▶ [YOUR GOAL] What you give must be the lines from the one containing "Greek and Cyrillic" through the last line of the listing below, exactly, with nothing else and no pictures.

▶ [DATA SEGMENT]
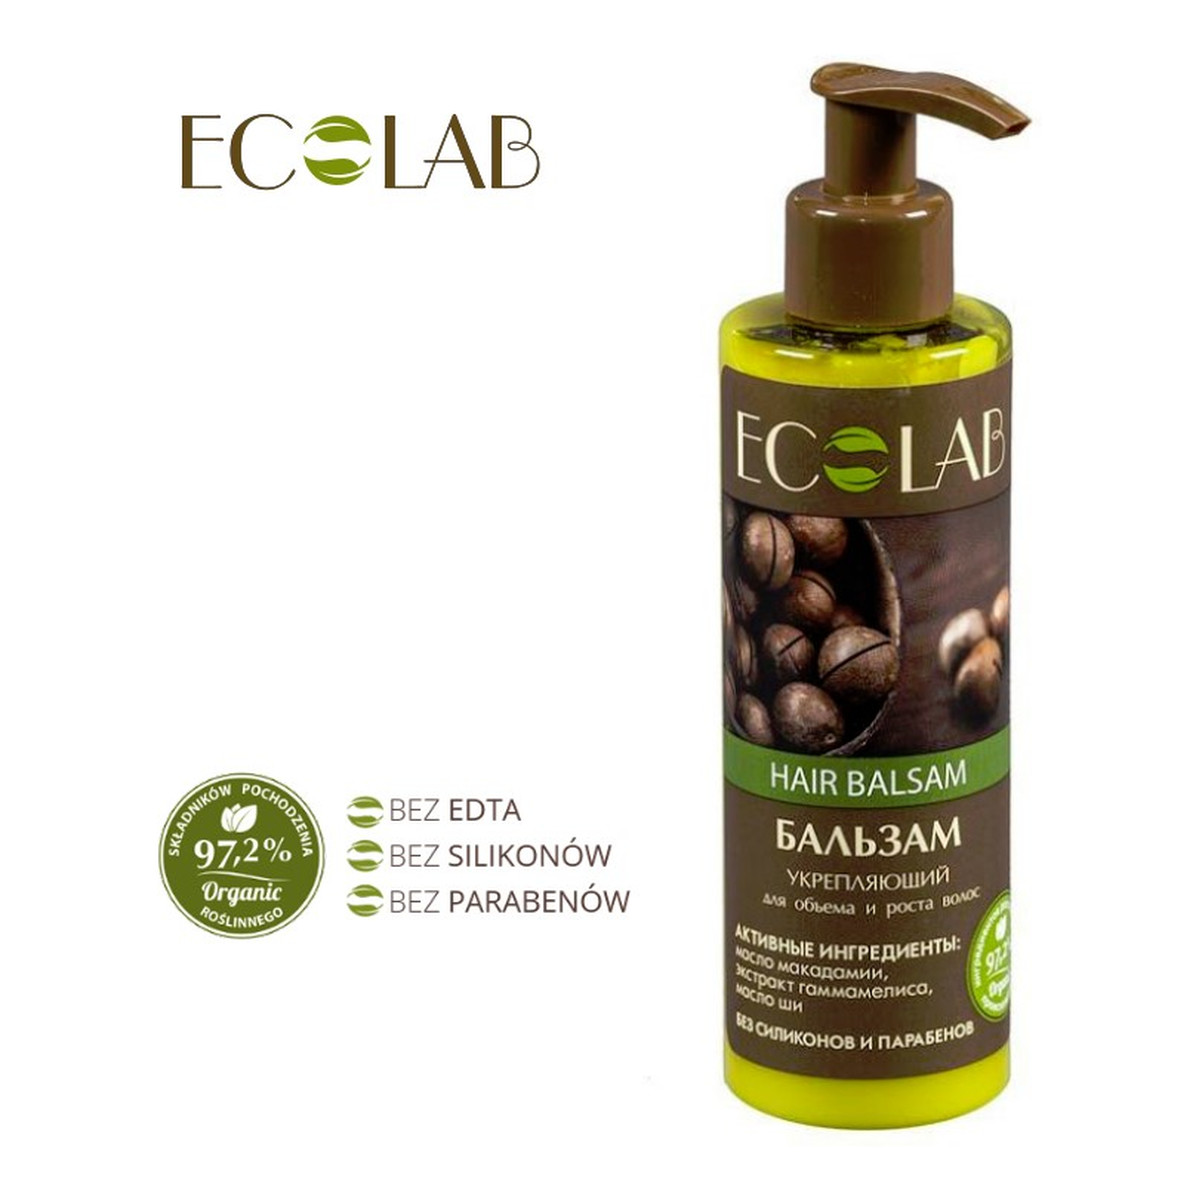 Ecolab Ec Laboratorie Balsam Wzmacniający do Włosów Objętość i Wzrost 200ml
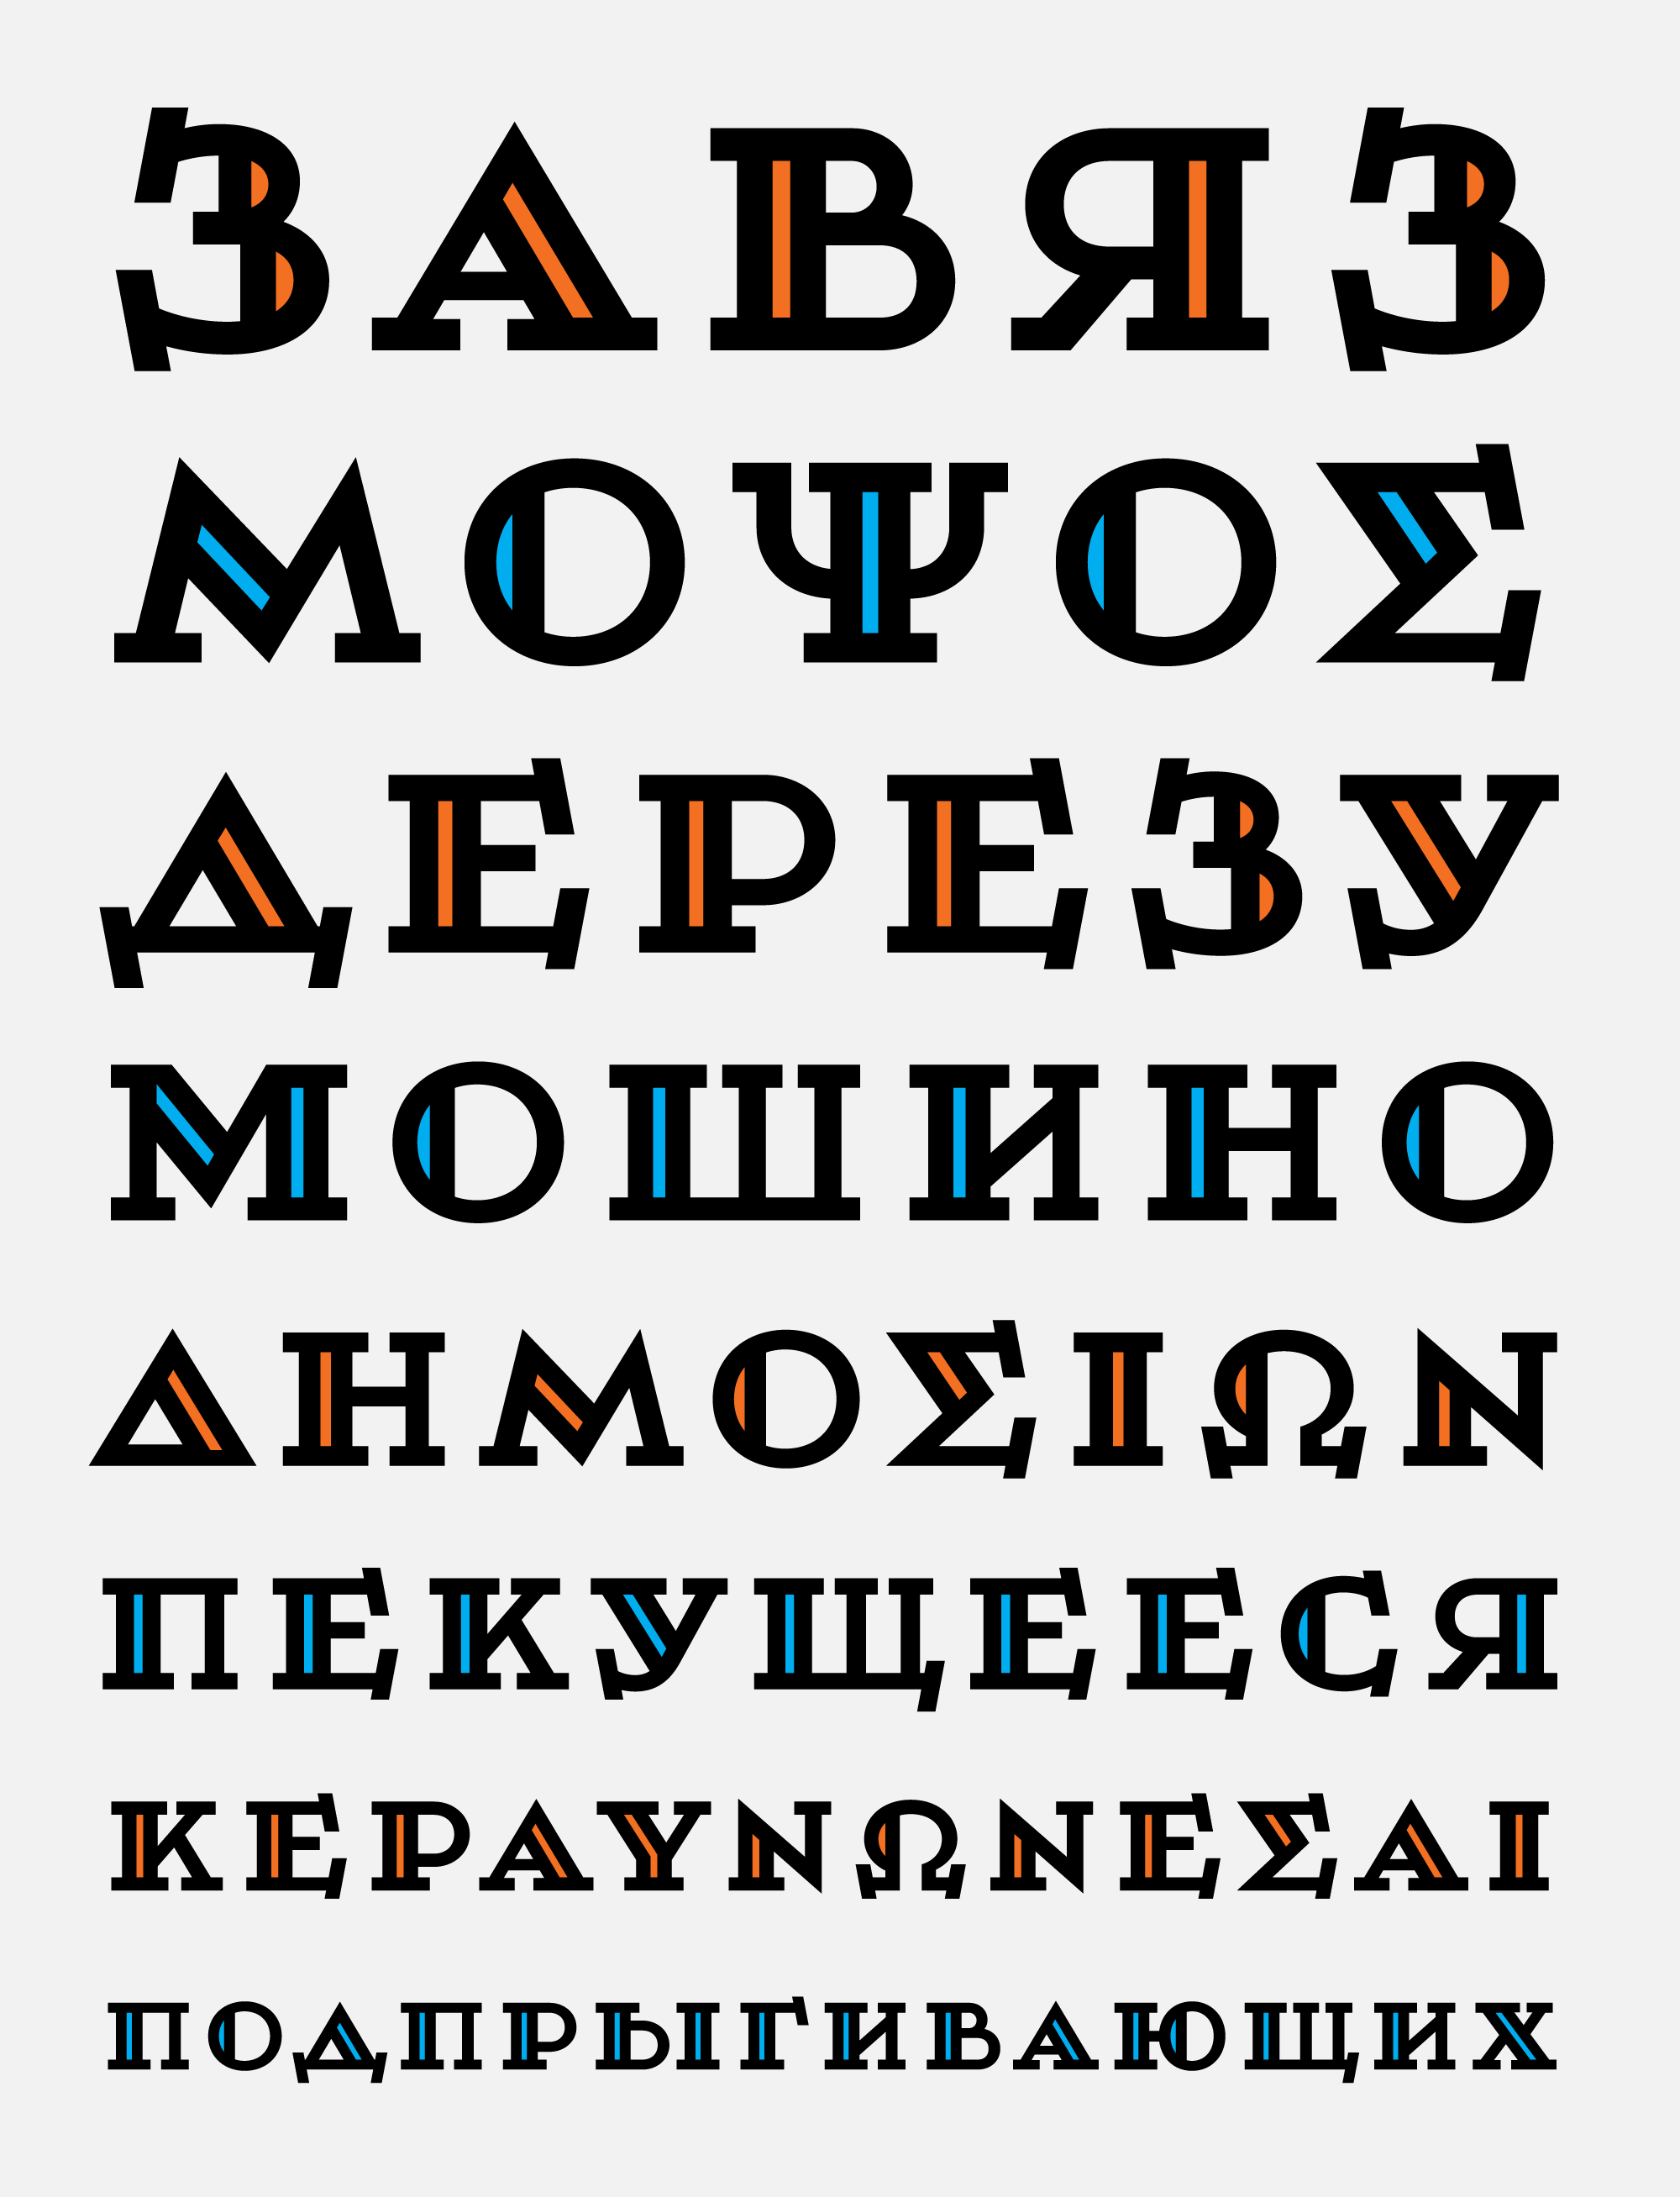 Greek and Cyrillic
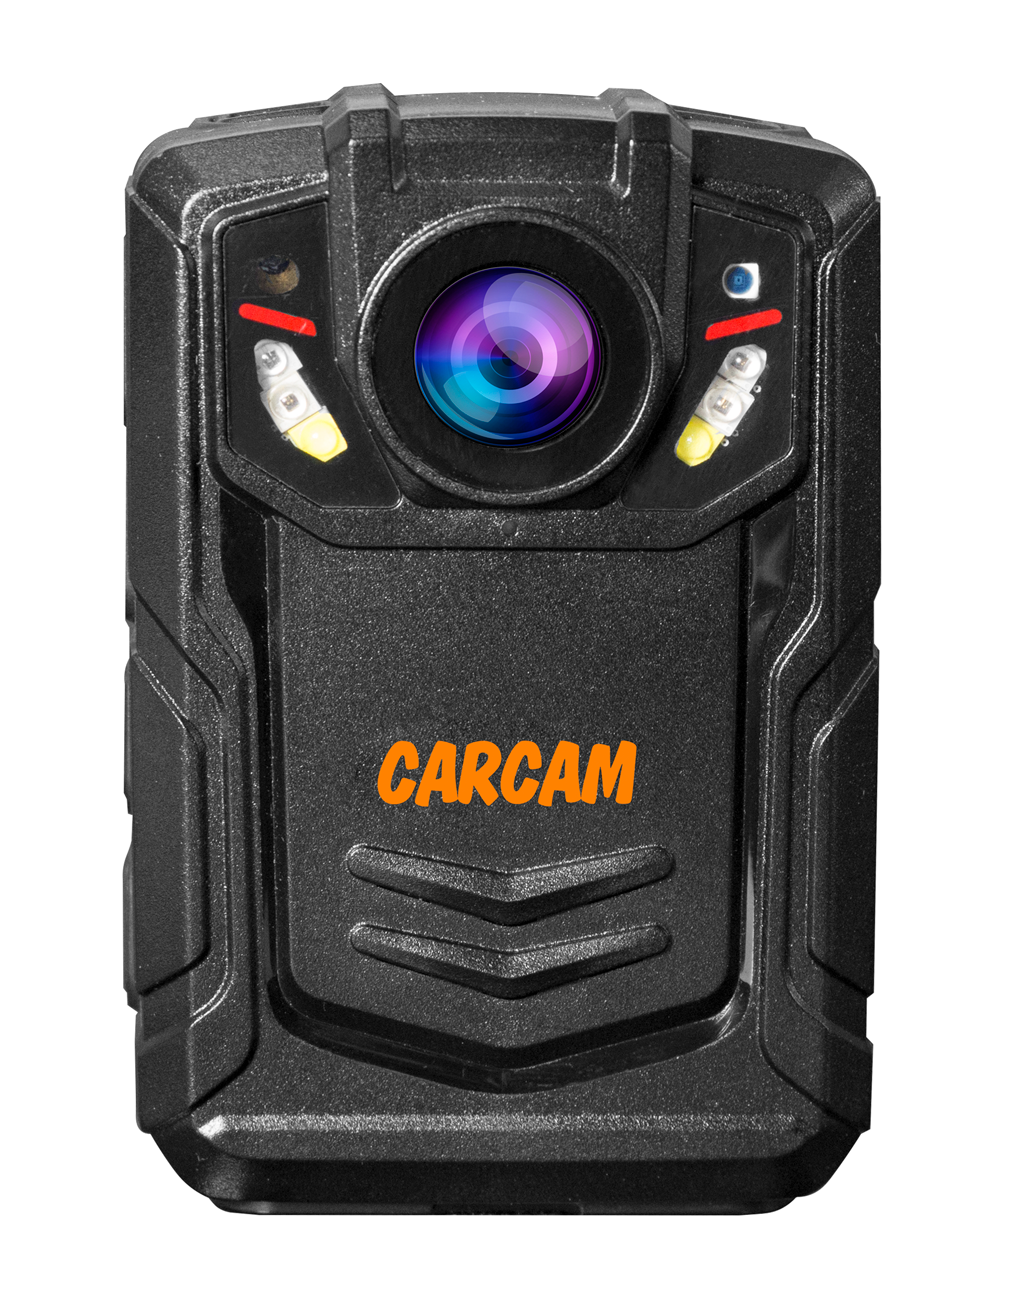 Персональный Quad HD видеорегистратор  CARCAM COMBAT 2S/4G 64GB персональный quad hd видеорегистратор для работников технических объектов carcam combat 2s prof 256gb
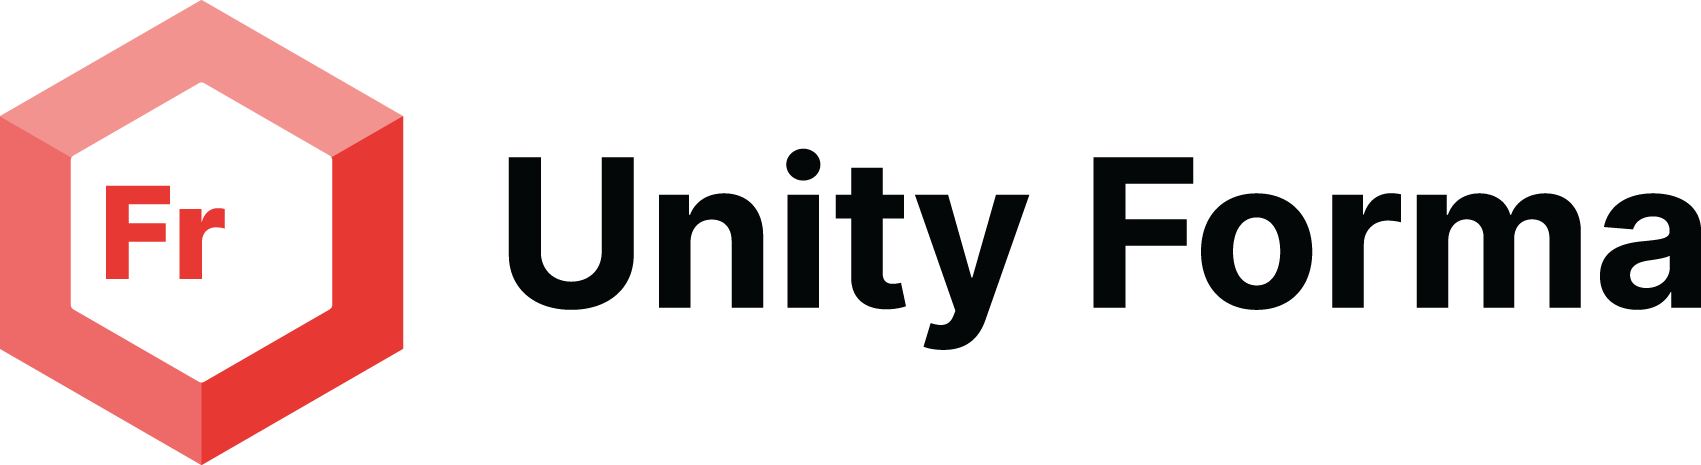 Unity Pixyz Logo Black RGB

▶ [WRITTEN SOLUTION]
 Greek and Cyrillic
 Персональный Quad HD видеорегистратор  CARCAM COMBAT 2S/4G 64GB персональный quad hd видеорегистратор для работников технических объектов carcam combat 2s prof 256gb
 Unity Pixyz Logo Black RGB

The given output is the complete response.